-- RECORD SET follows --
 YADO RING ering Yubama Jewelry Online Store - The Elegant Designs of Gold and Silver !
-- RECORD SET concluded --
-- RECORD SET follows --
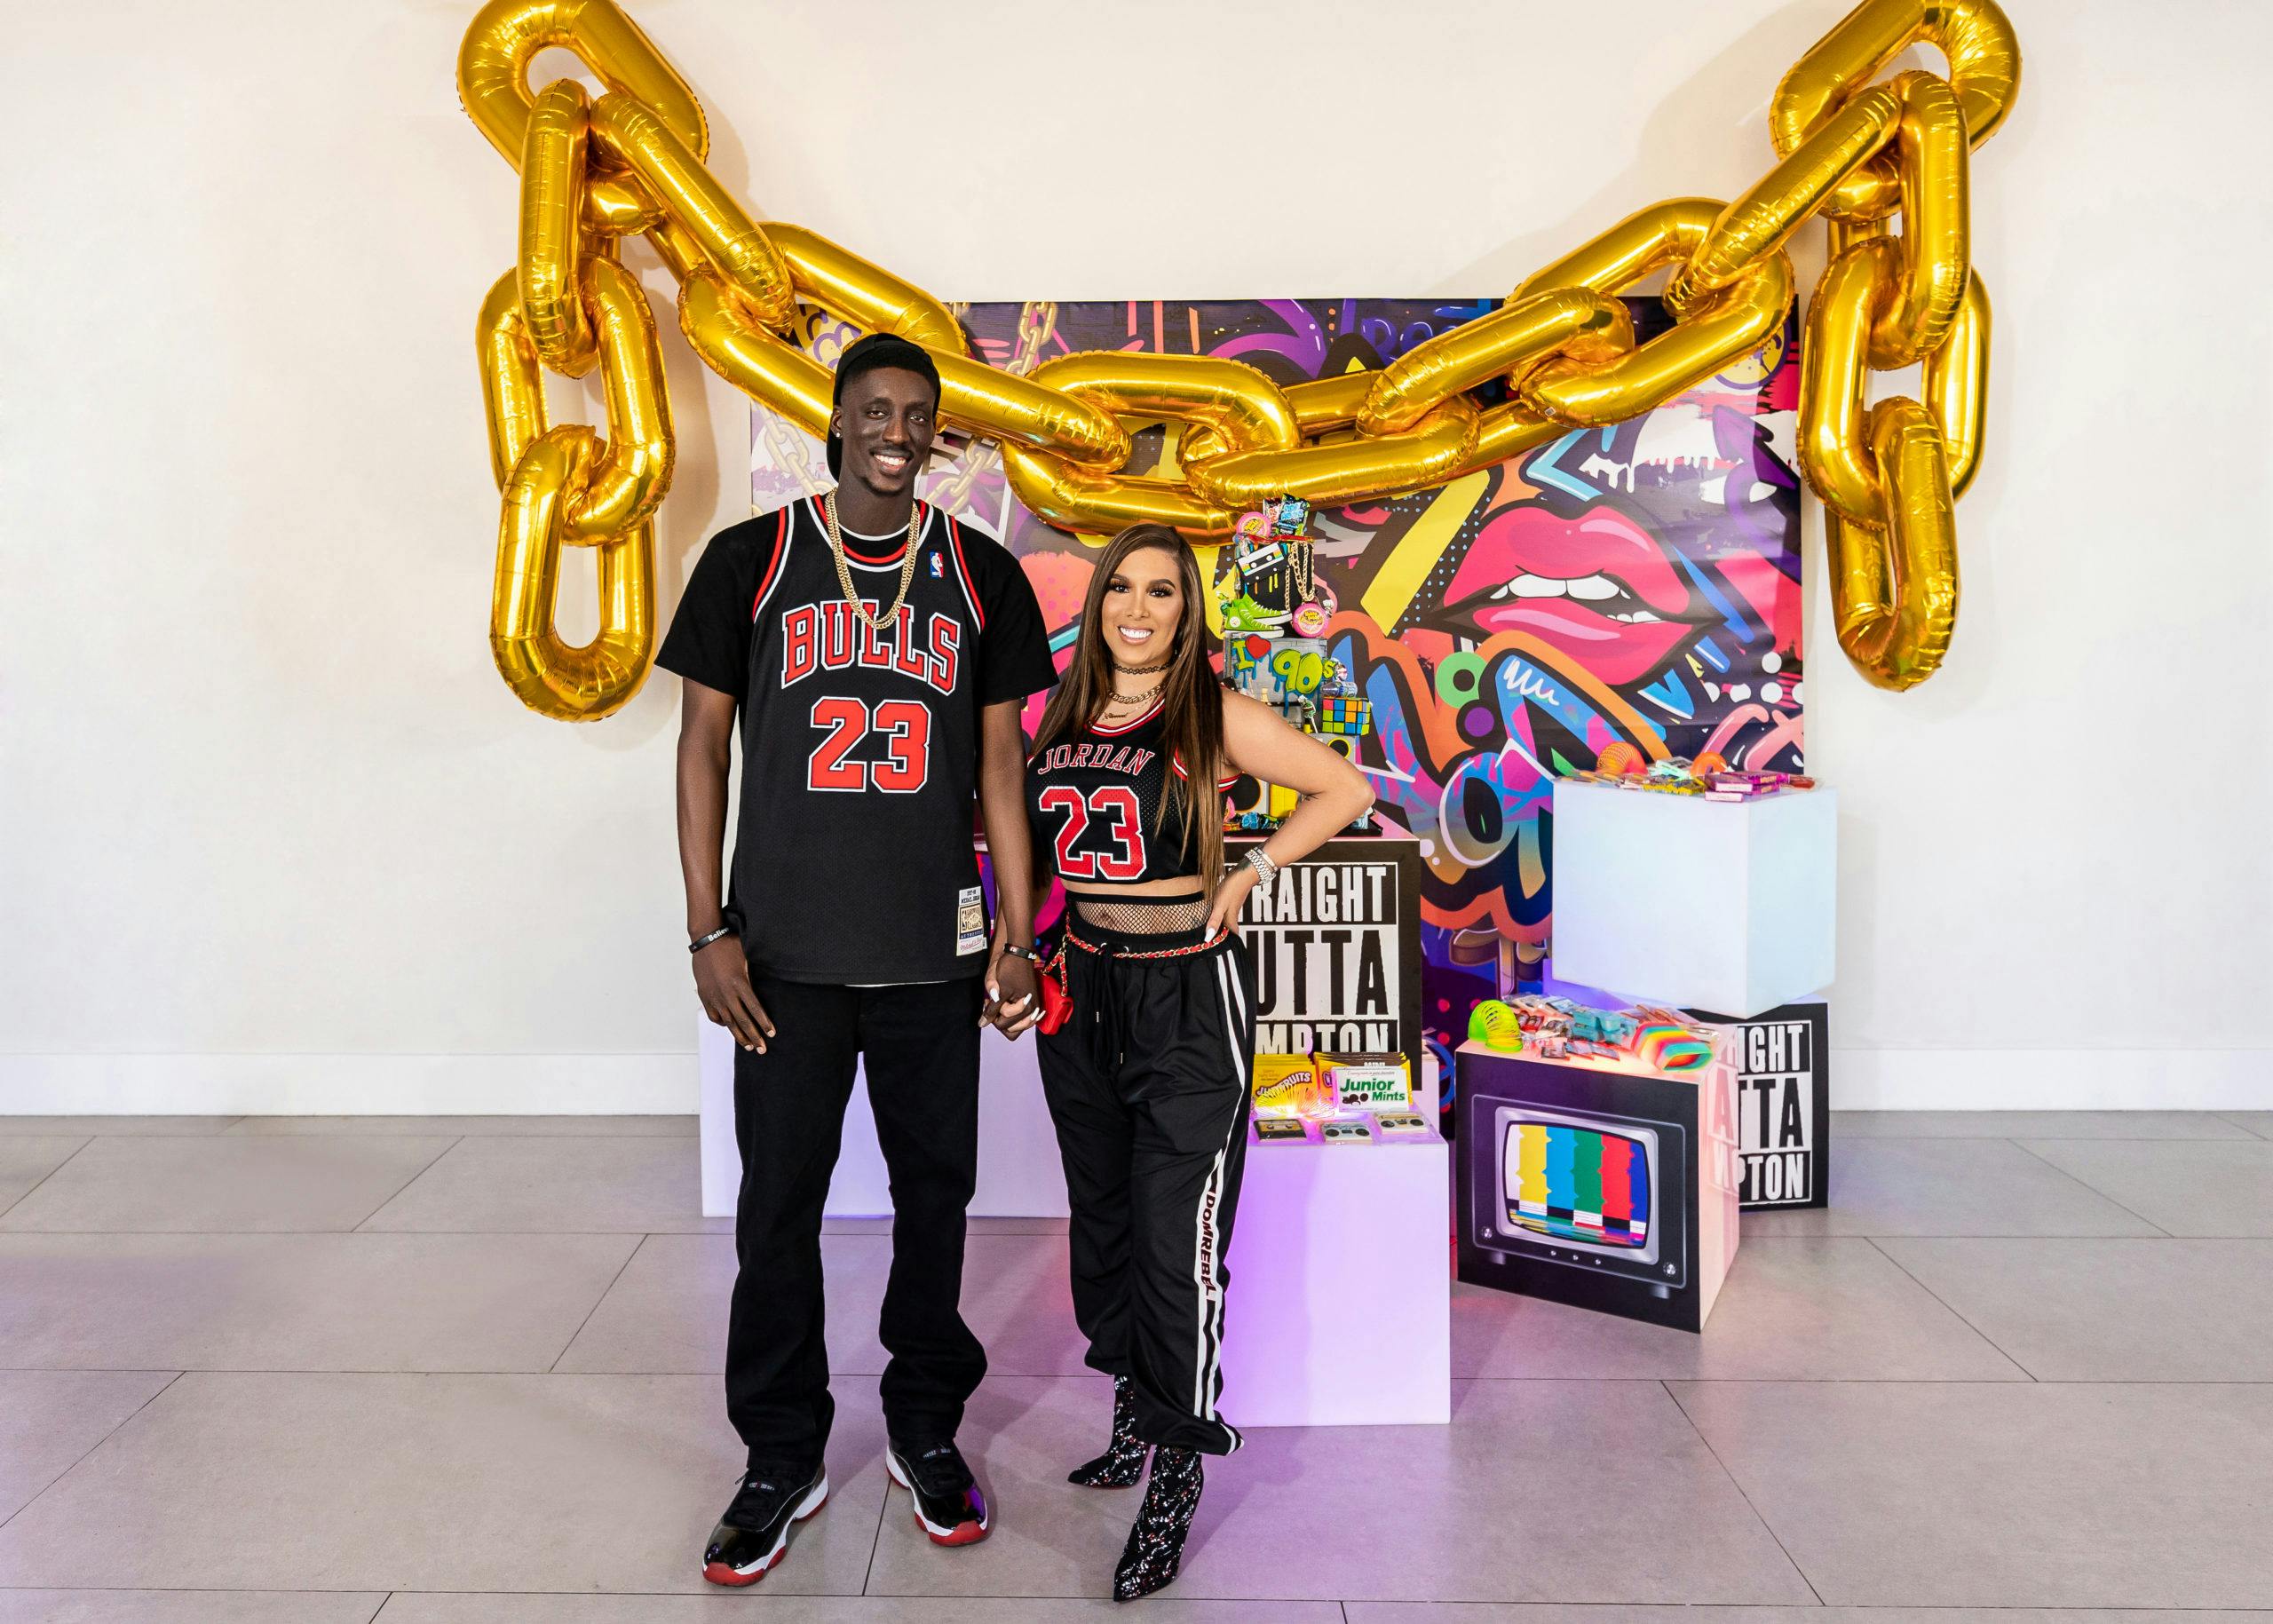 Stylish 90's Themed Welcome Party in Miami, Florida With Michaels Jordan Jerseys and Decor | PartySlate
-- RECORD SET concluded --
-- RECORD SET follows --
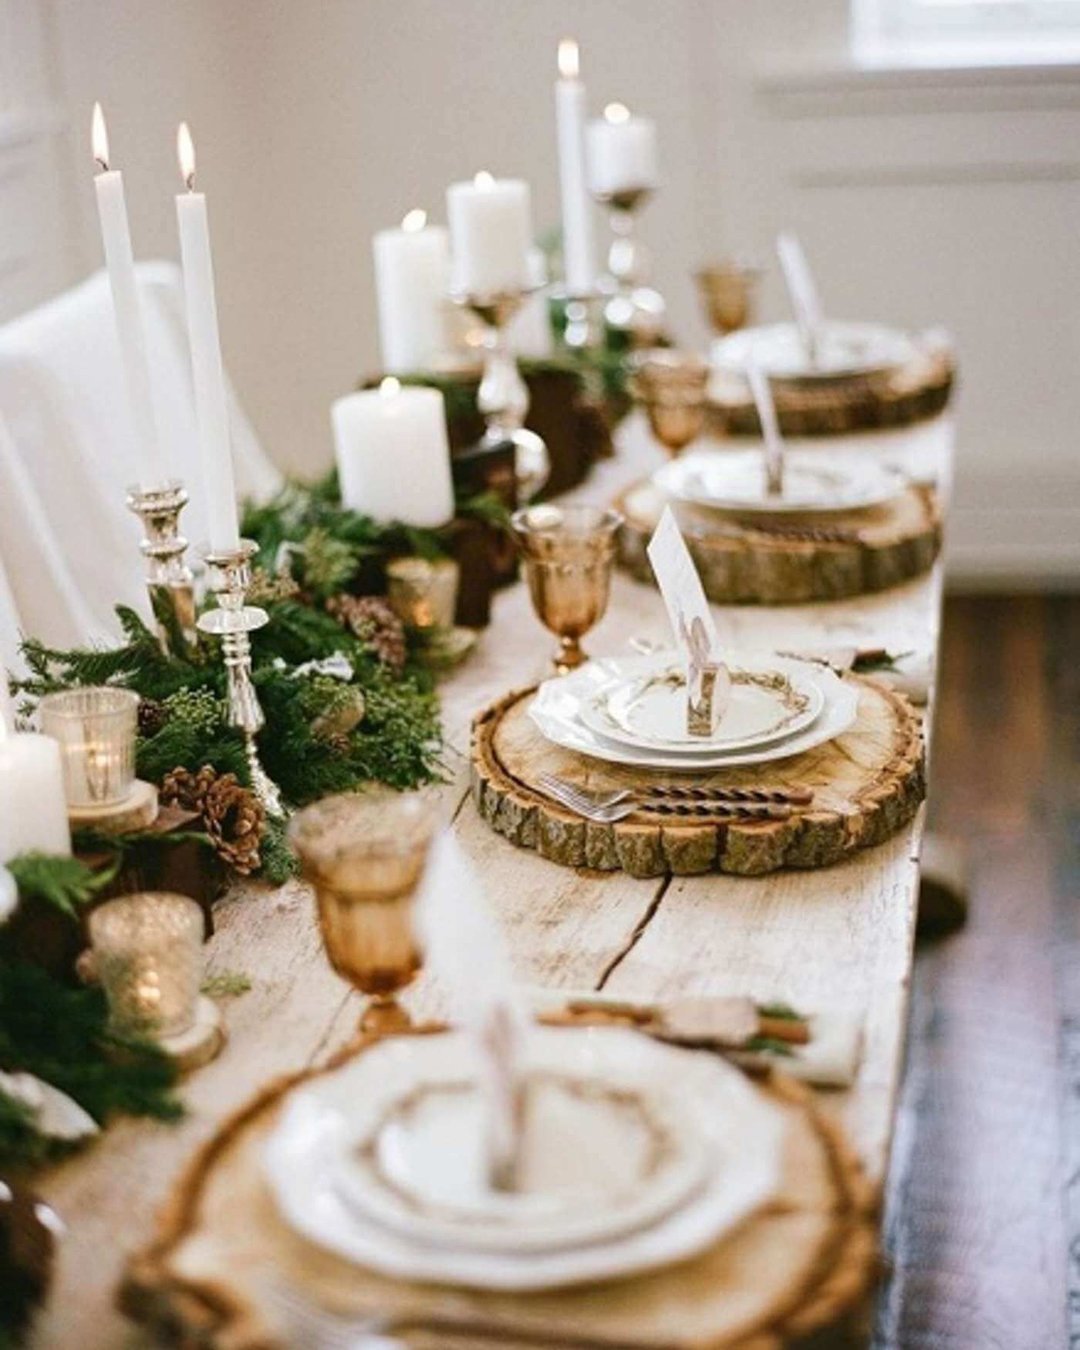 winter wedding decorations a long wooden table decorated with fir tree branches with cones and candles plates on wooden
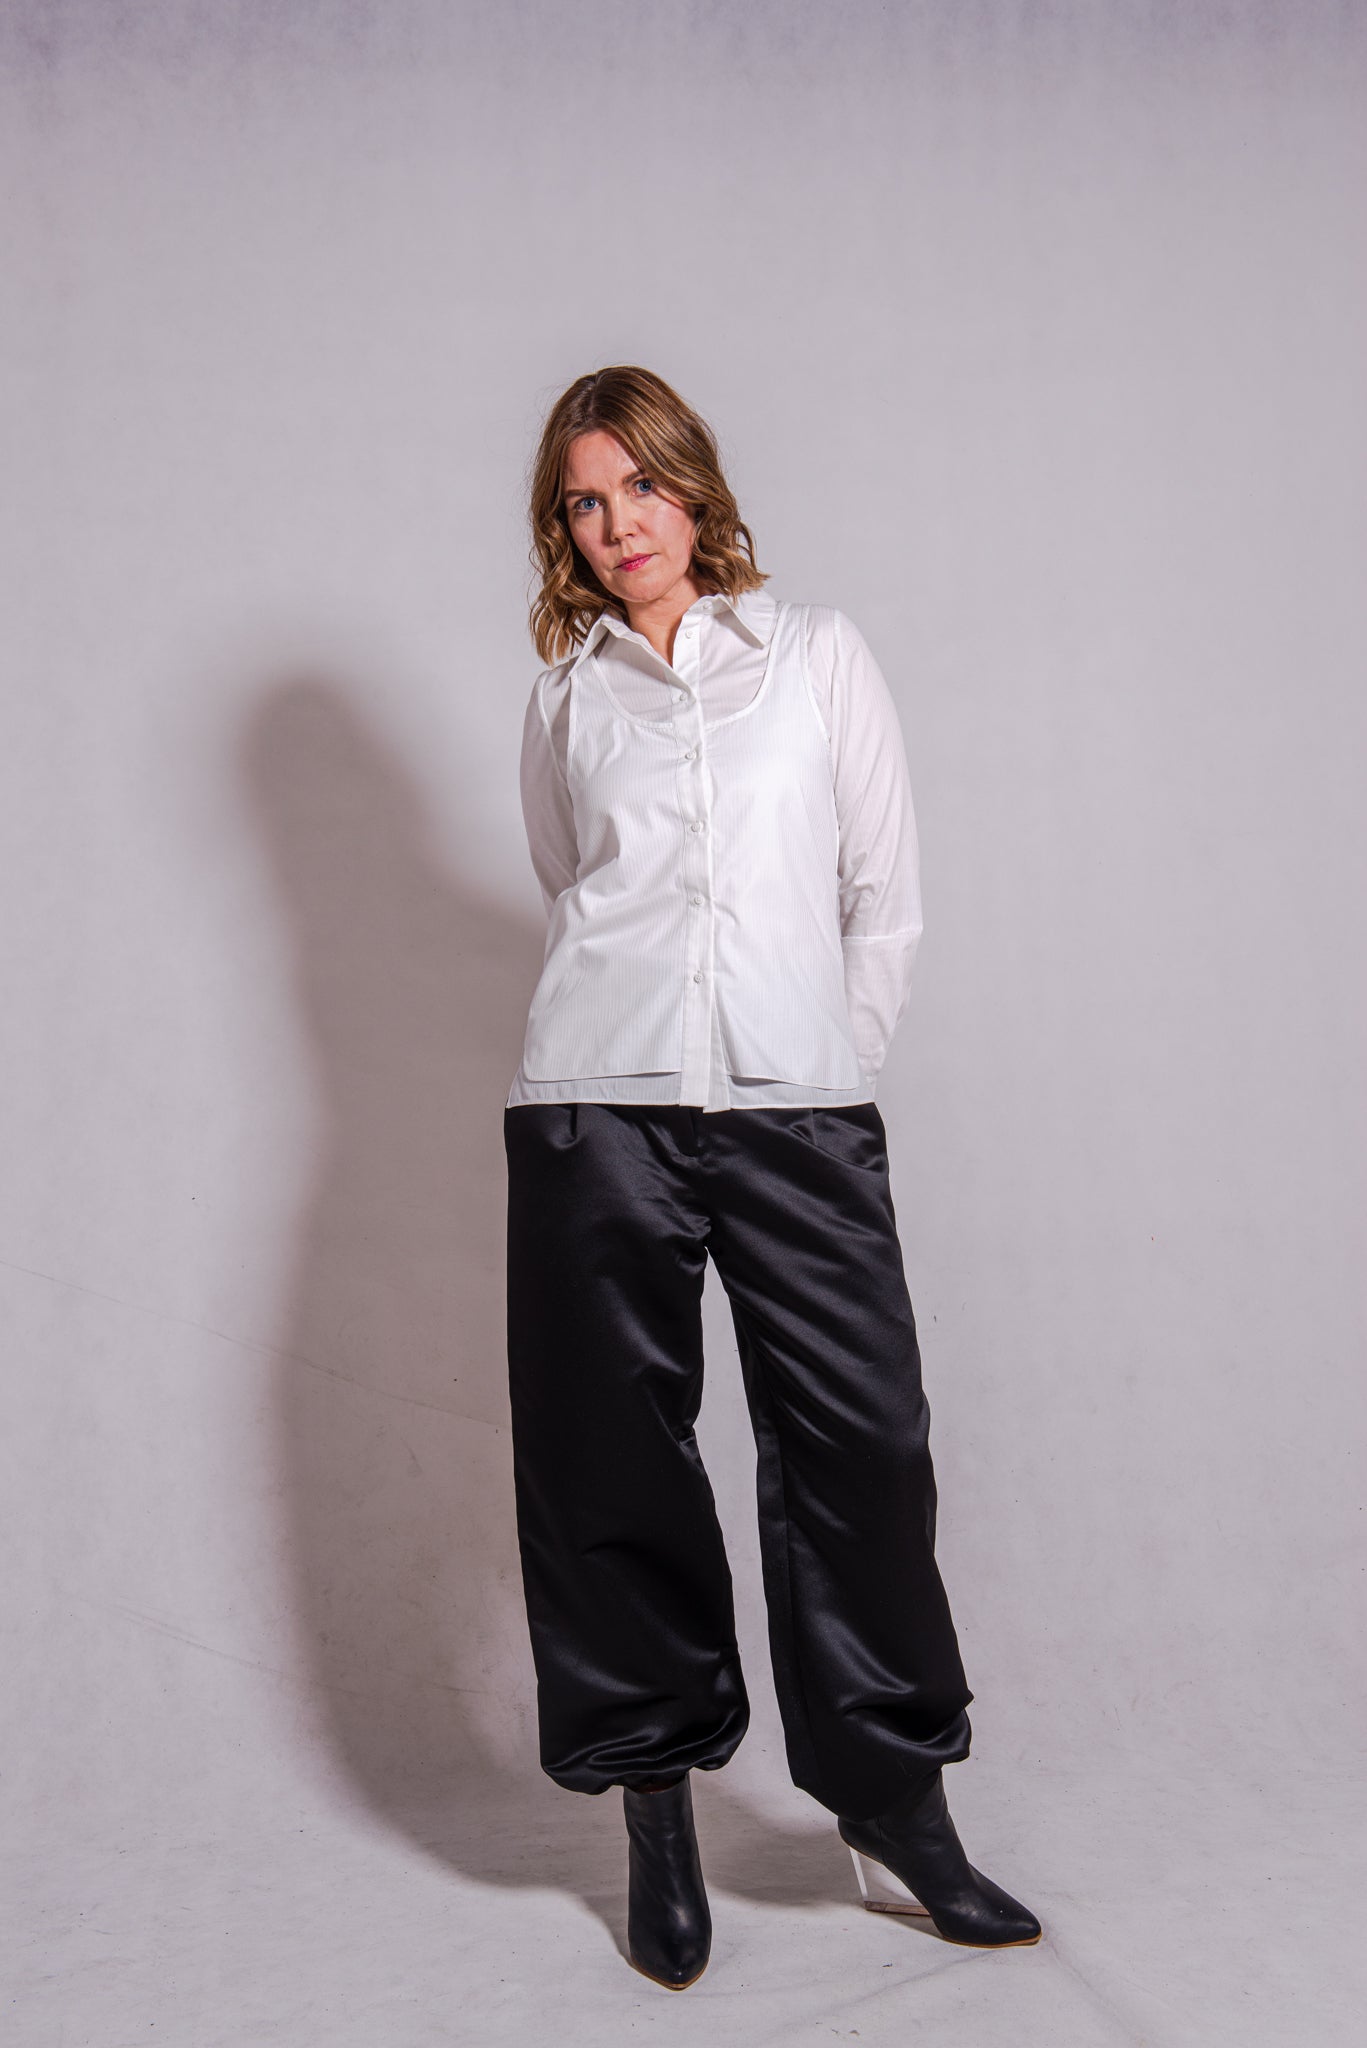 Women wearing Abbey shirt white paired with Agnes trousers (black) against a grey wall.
-- RECORD SET concluded --
■ **BRIEF**
Look above for the line holding "winter wedding decorations" and output everything from it down to the line holding "Women wearing Abbey", both ends included, exactly and without images.

■ **SOLUTION FOR THIS EXERCISE**
 winter wedding decorations a long wooden table decorated with fir tree branches with cones and candles plates on wooden
 Women wearing Abbey shirt white paired with Agnes trousers (black) against a grey wall.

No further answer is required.